* **WORK REQUIRED**
A word-for-word retyping of the listing below is required, with the pictures dropped.

* **AVAILABLE DATA**

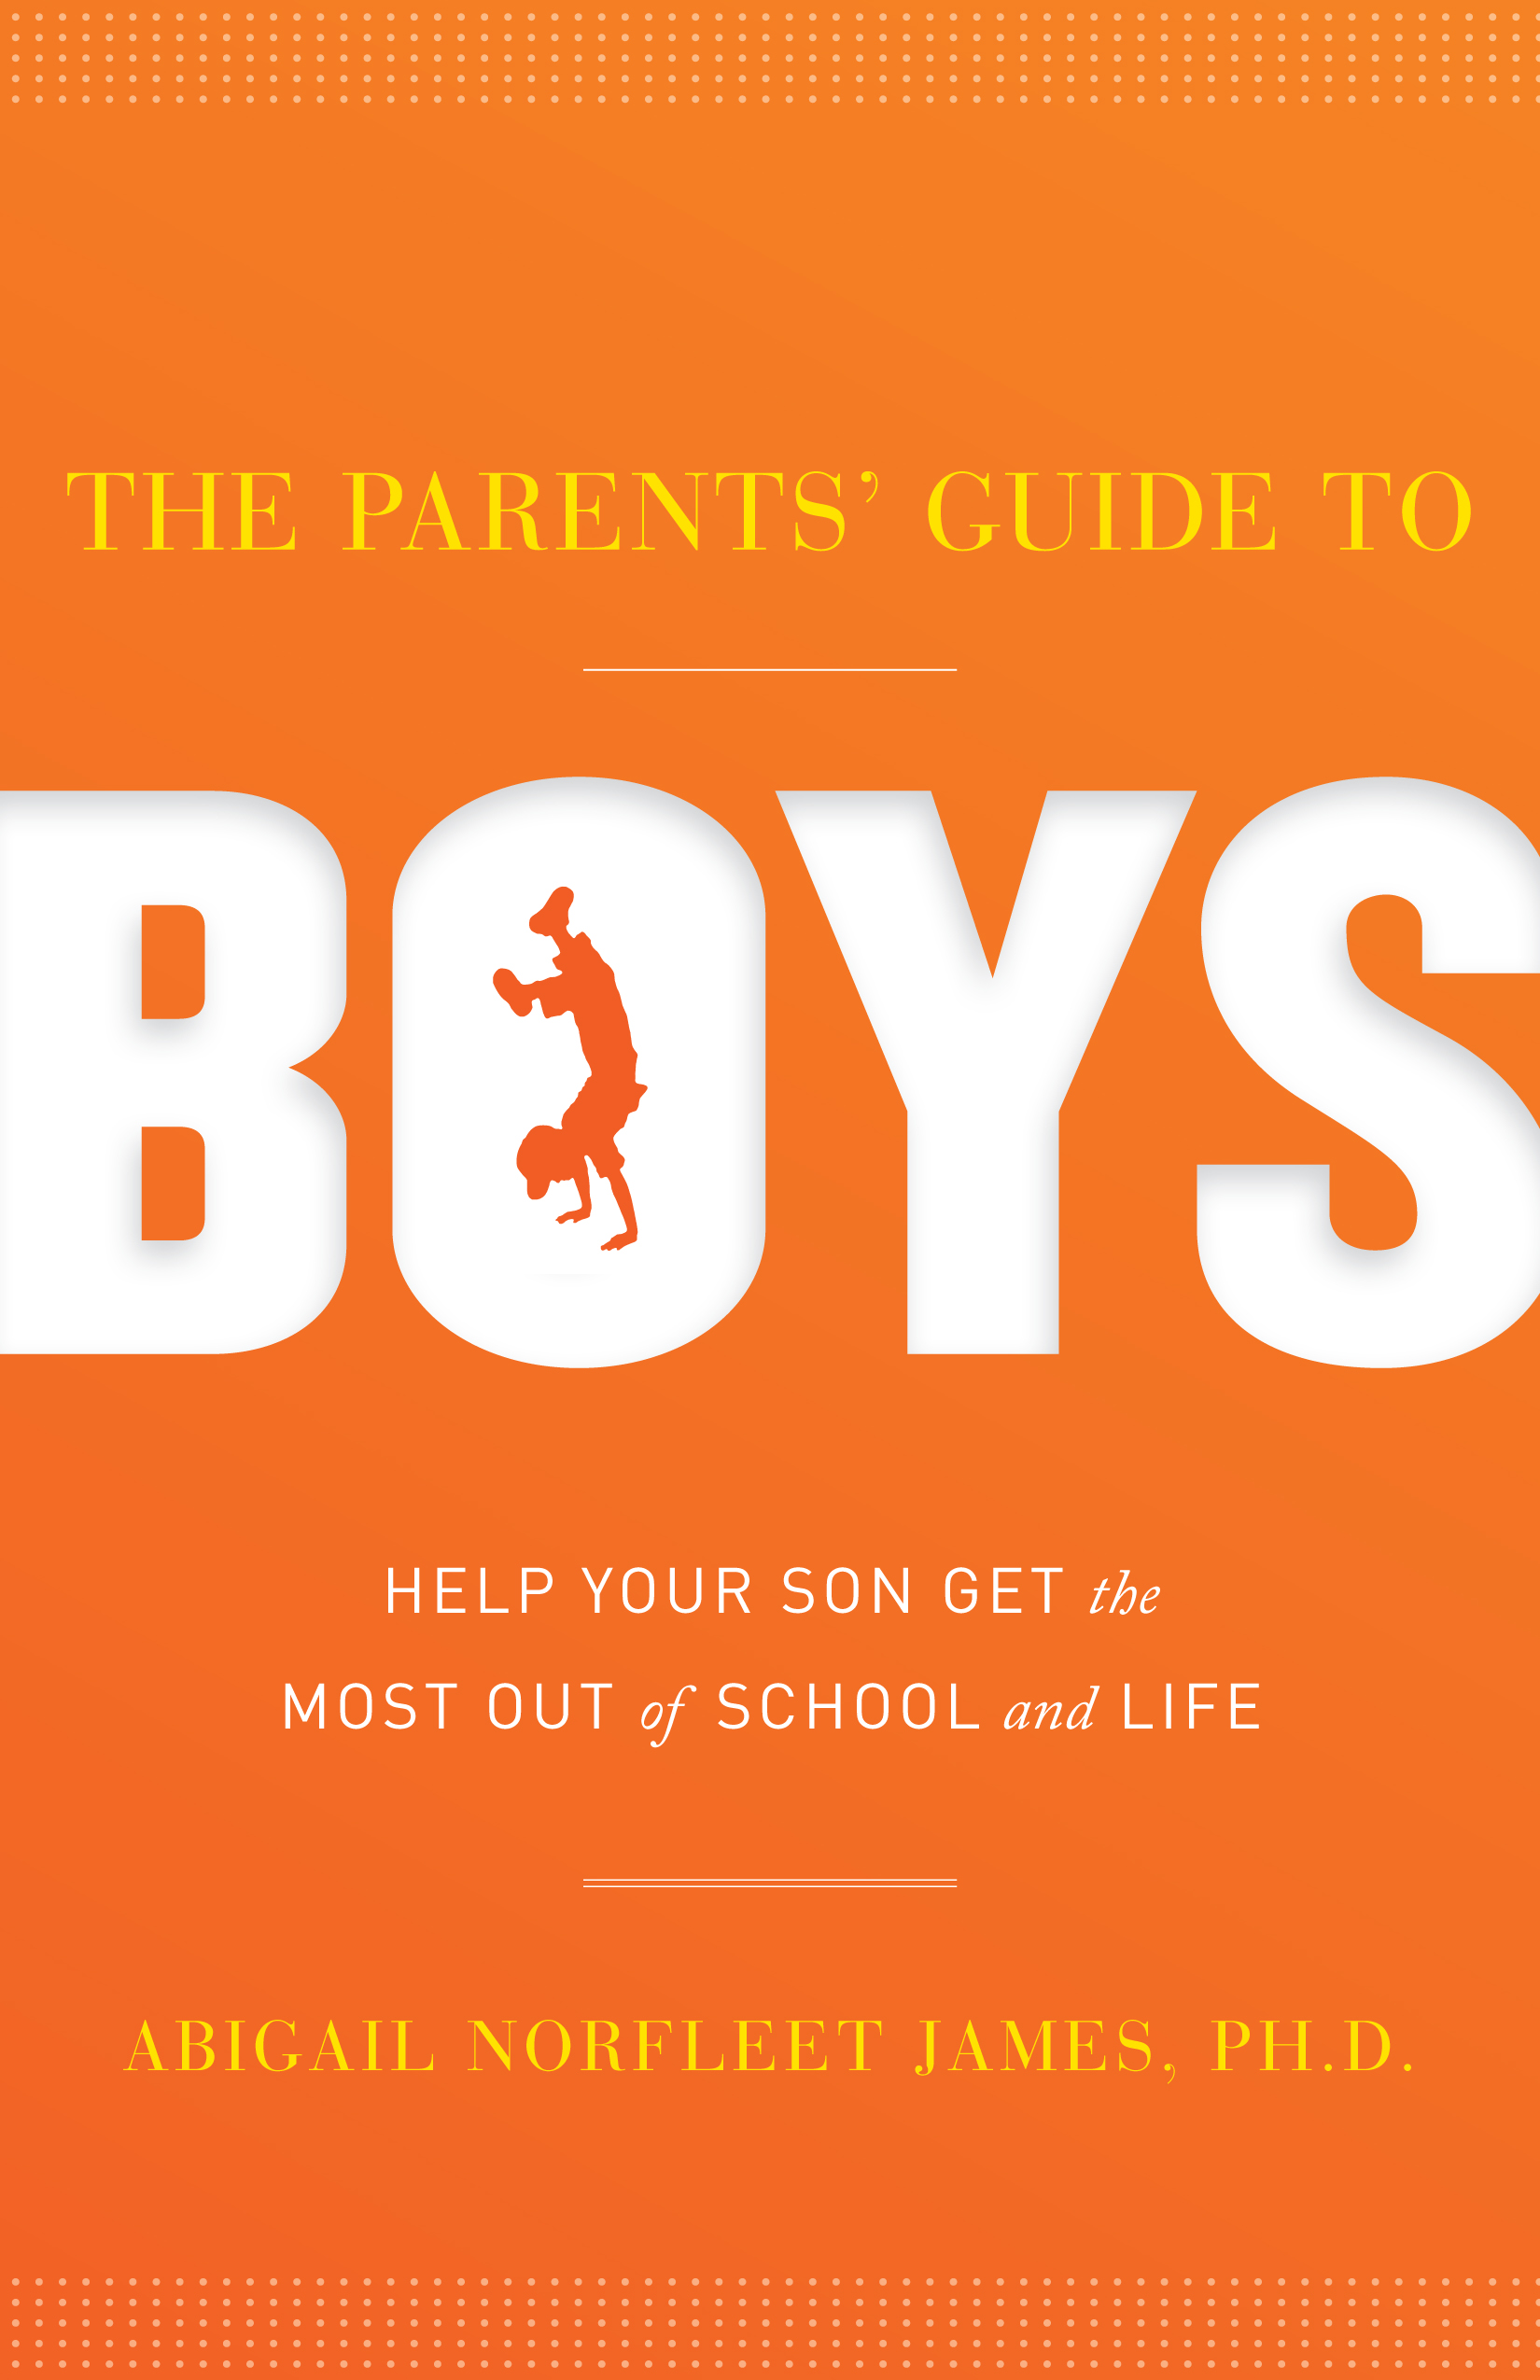 the parents' guide to boys cover image
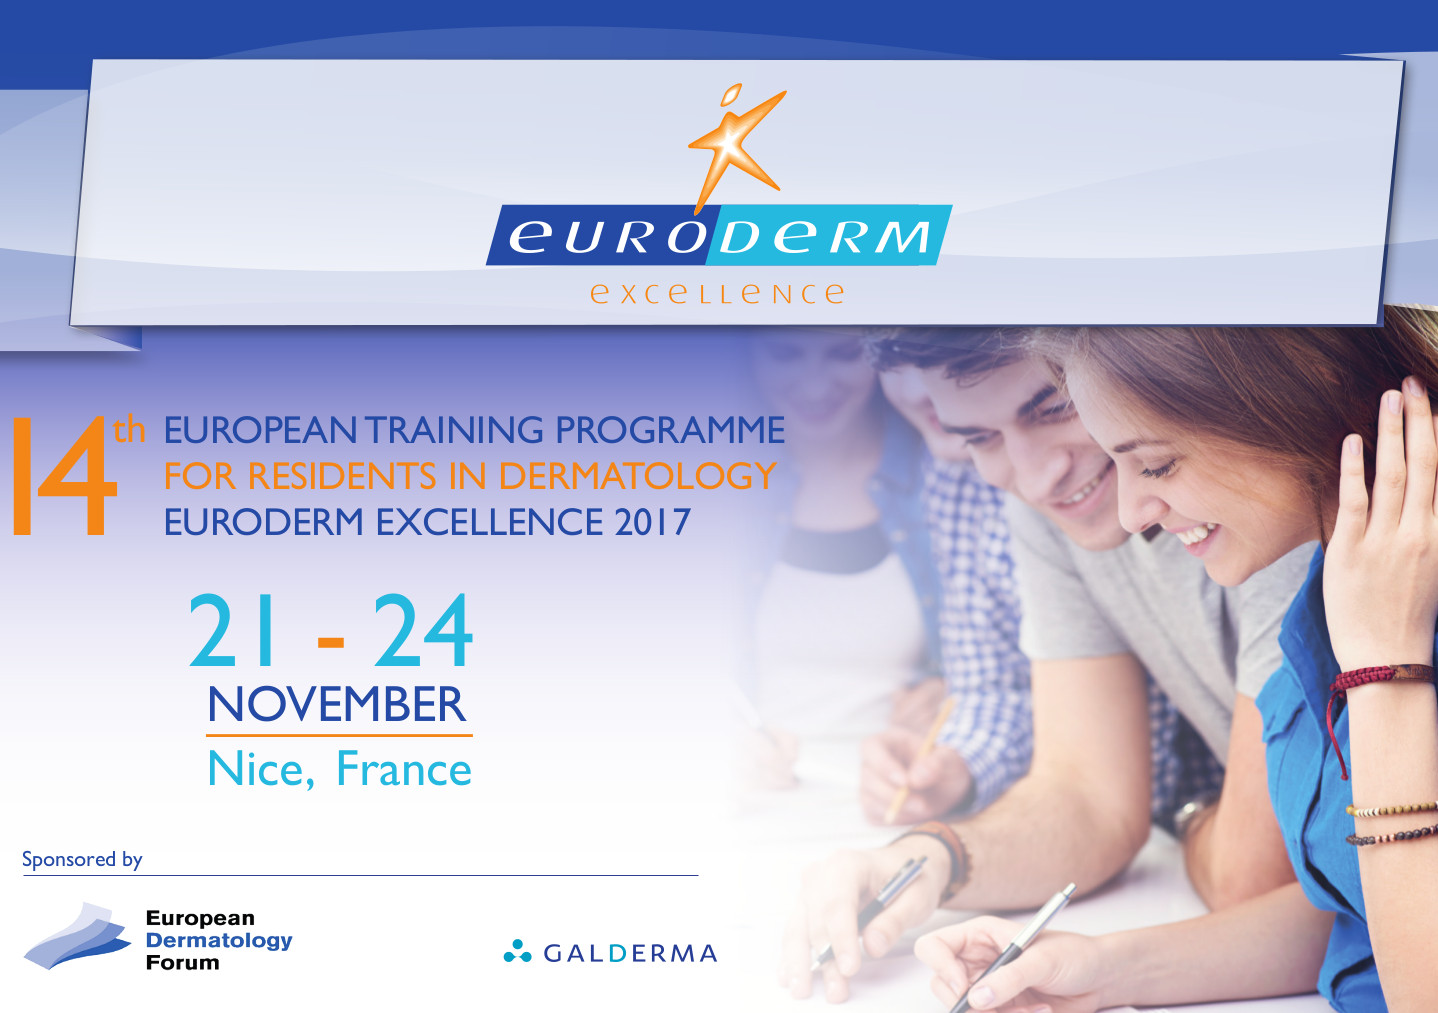 14th Edition of Euroderm Excellence Training Programme
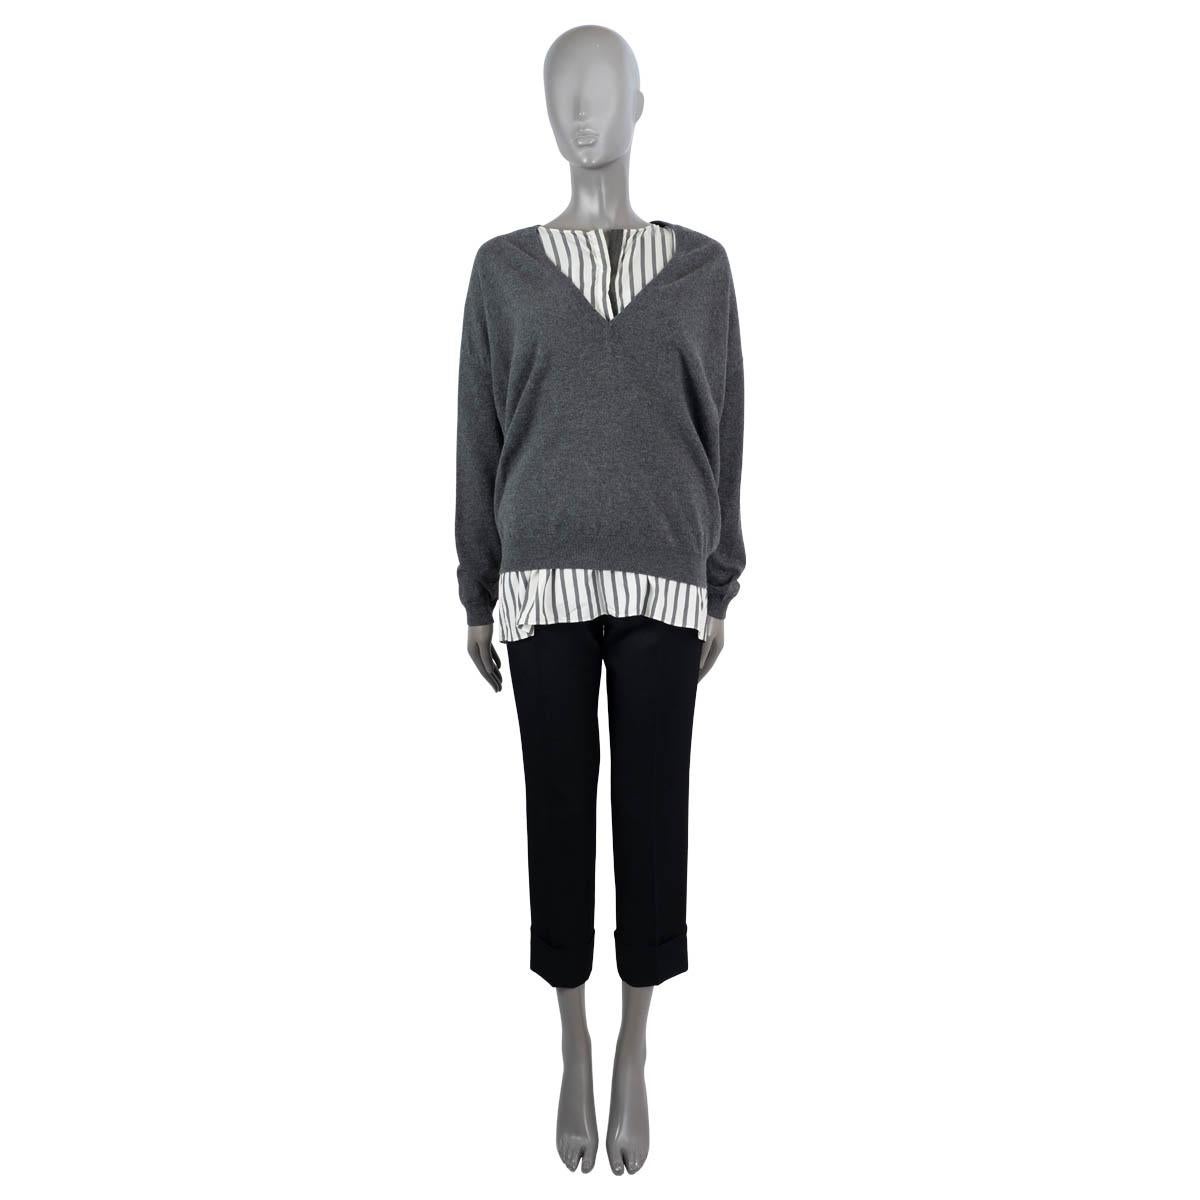 100% authentic Brunello Cucinelli twinset consisting of a sweater in grey cashmere (100%) and a sleeveless blouse grey and ivory striped silk (100%). Features a V-neck on the sweater and crewneck with Monili trim on the top. Both pieces can be

* **RESPONSE AREA**
 the parents' guide to boys cover image
 14th Edition of Euroderm Excellence Training Programme
 100% authentic Brunello Cucinelli twinset consisting of a sweater in grey cashmere (100%) and a sleeveless blouse grey and ivory striped silk (100%). Features a V-neck on the sweater and crewneck with Monili trim on the top. Both pieces can be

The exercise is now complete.